» **GIVEN MATERIAL**:
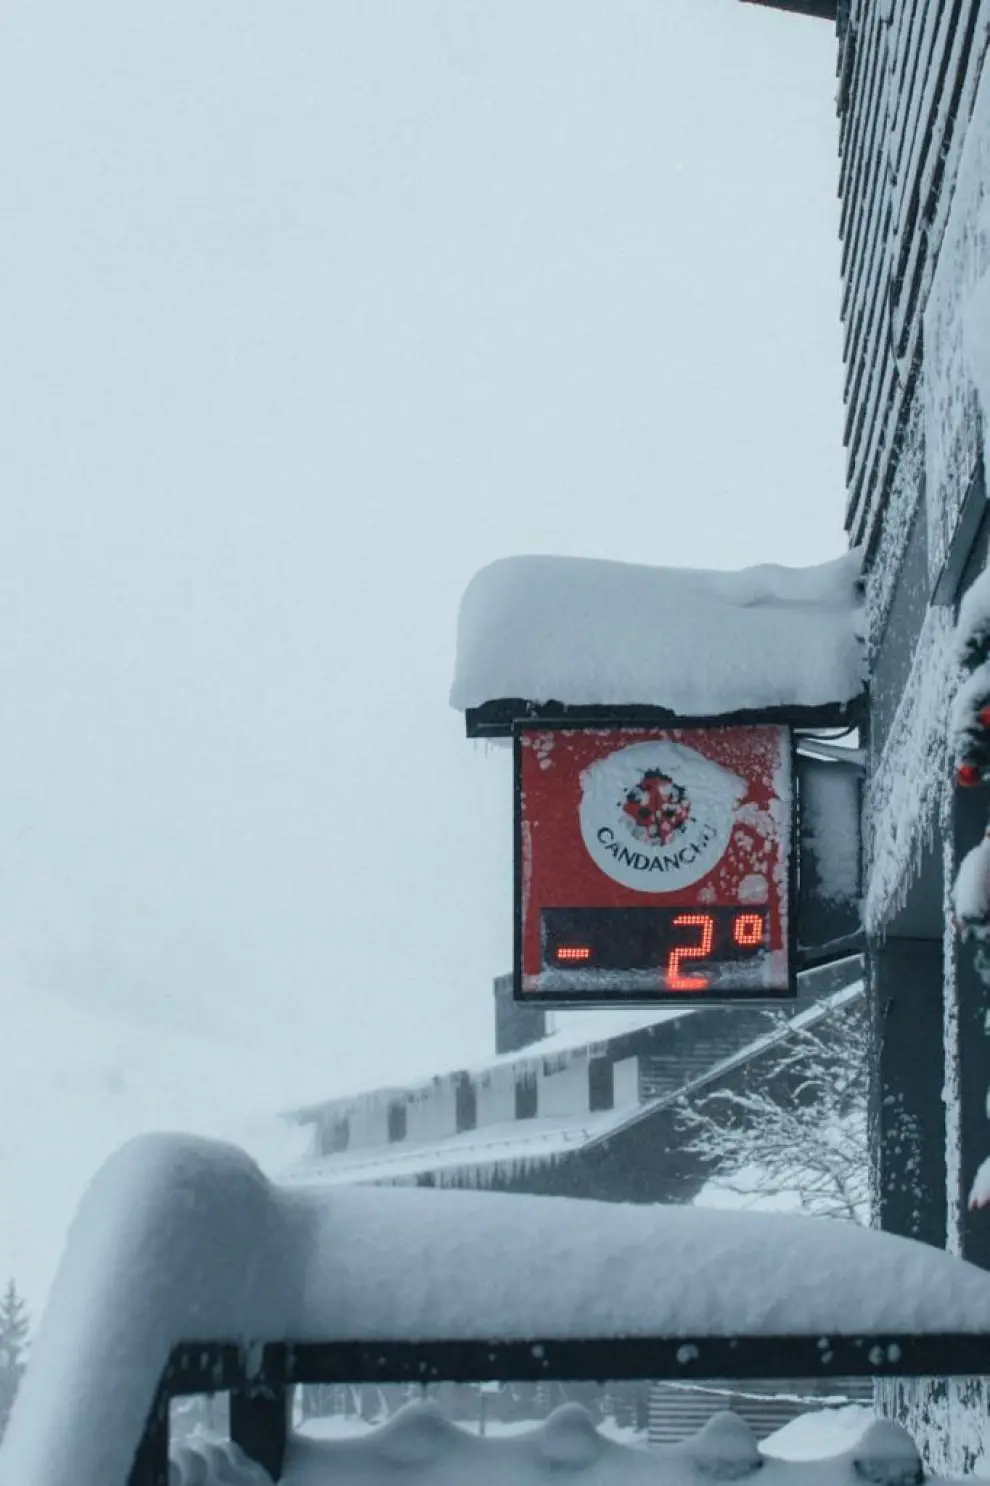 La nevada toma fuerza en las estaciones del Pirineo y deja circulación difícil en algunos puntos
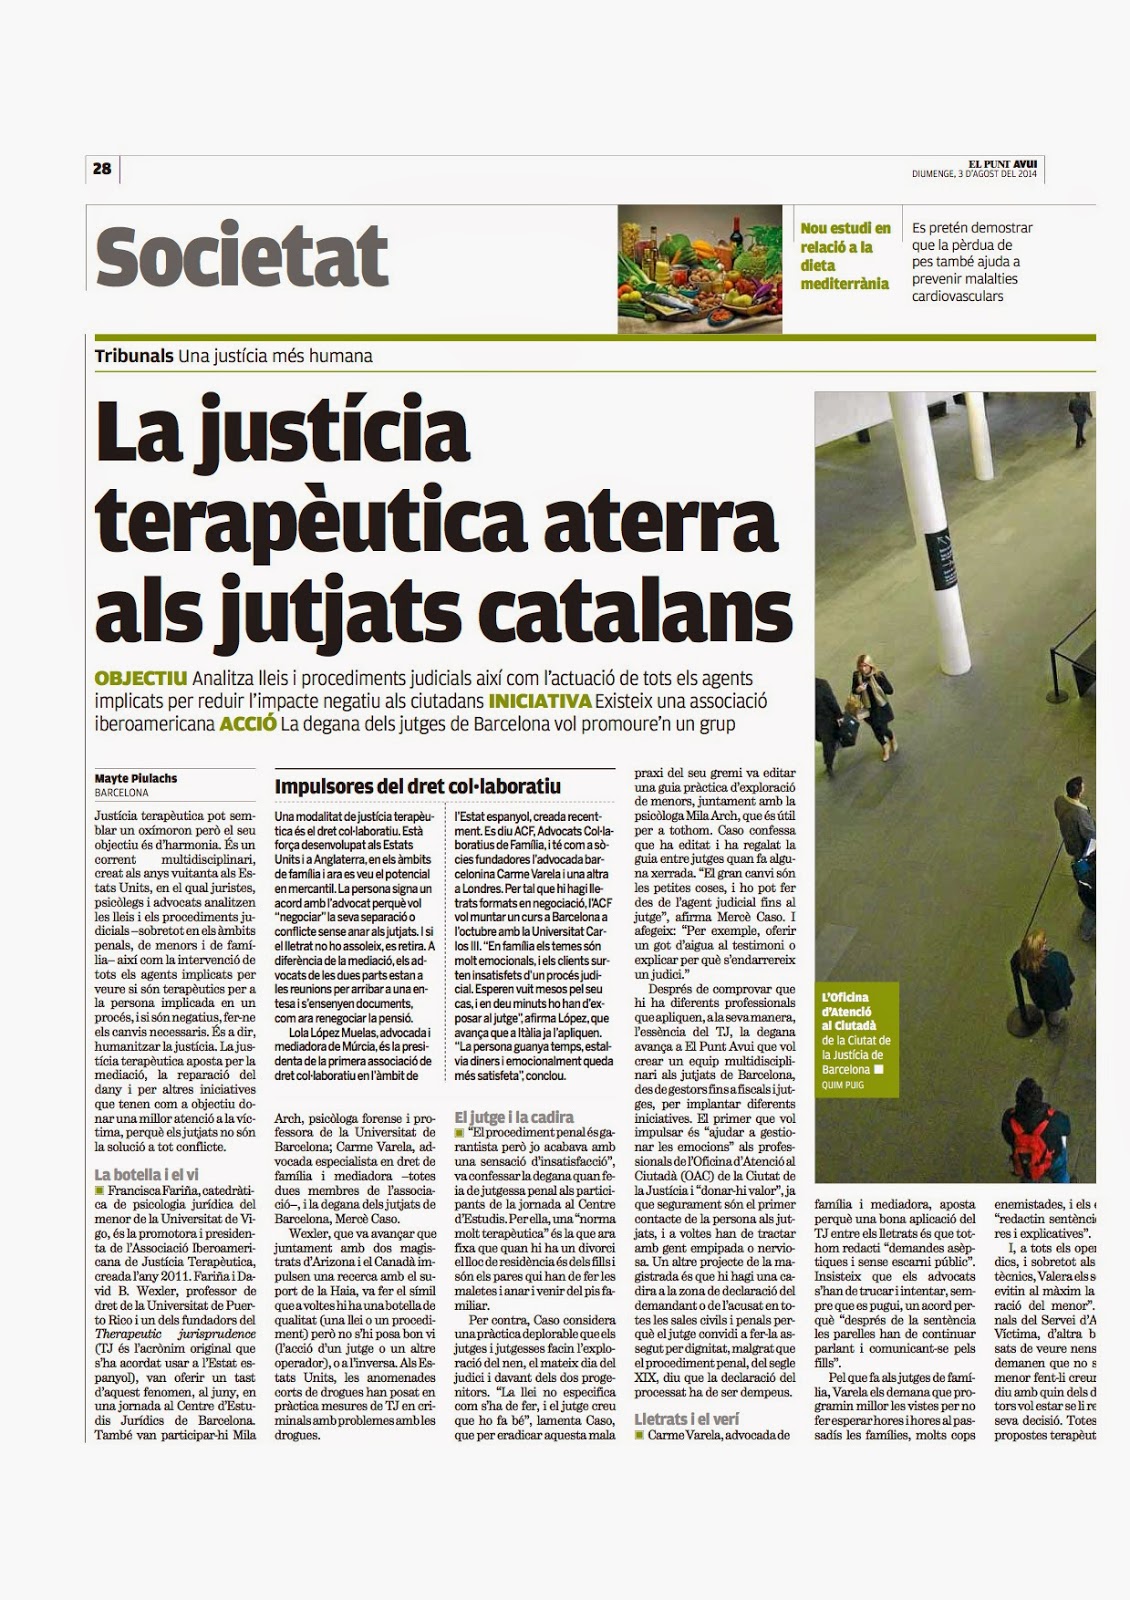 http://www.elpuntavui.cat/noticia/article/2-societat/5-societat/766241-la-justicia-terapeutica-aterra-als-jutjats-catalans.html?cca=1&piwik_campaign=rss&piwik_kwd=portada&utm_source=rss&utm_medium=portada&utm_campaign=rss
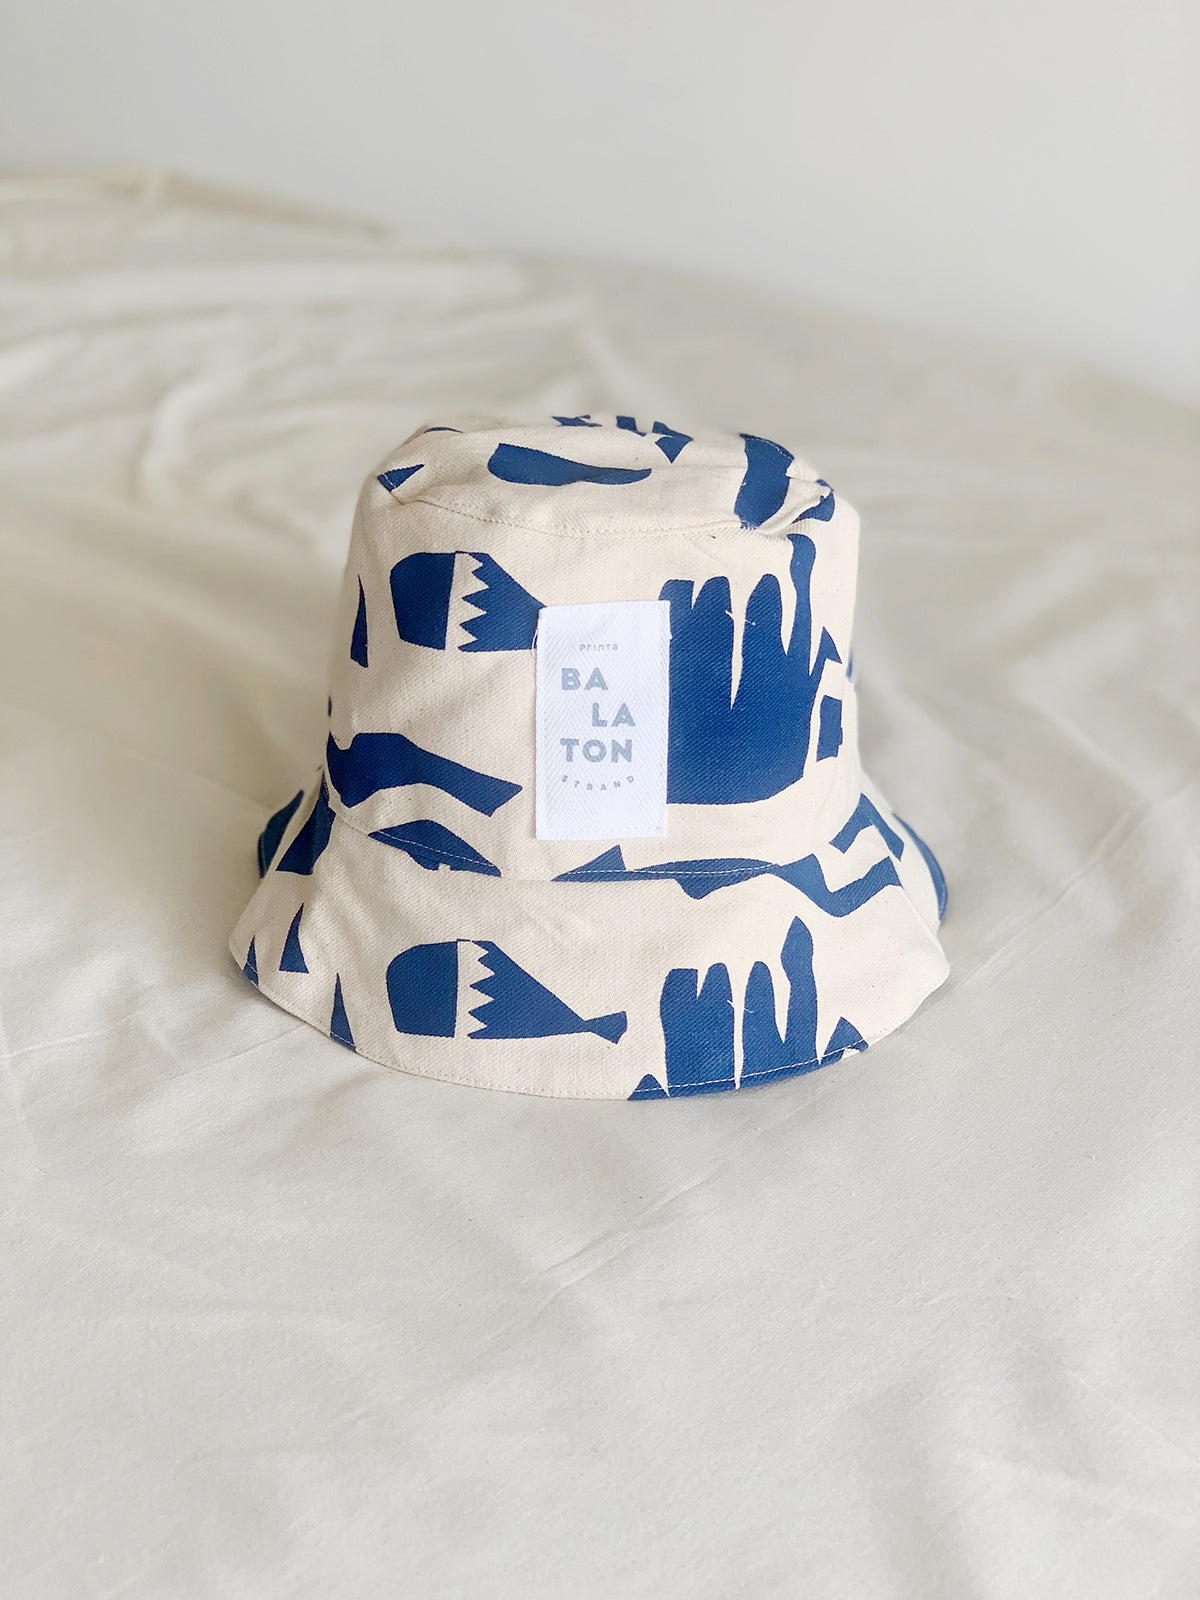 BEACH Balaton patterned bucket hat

» **ASSIGNMENT**: When you retype the material above, keep every word exact and drop the images.

» **RESULT OF THE EXERCISE**:
 La nevada toma fuerza en las estaciones del Pirineo y deja circulación difícil en algunos puntos
 http://www.elpuntavui.cat/noticia/article/2-societat/5-societat/766241-la-justicia-terapeutica-aterra-als-jutjats-catalans.html?cca=1&piwik_campaign=rss&piwik_kwd=portada&utm_source=rss&utm_medium=portada&utm_campaign=rss
 BEACH Balaton patterned bucket hat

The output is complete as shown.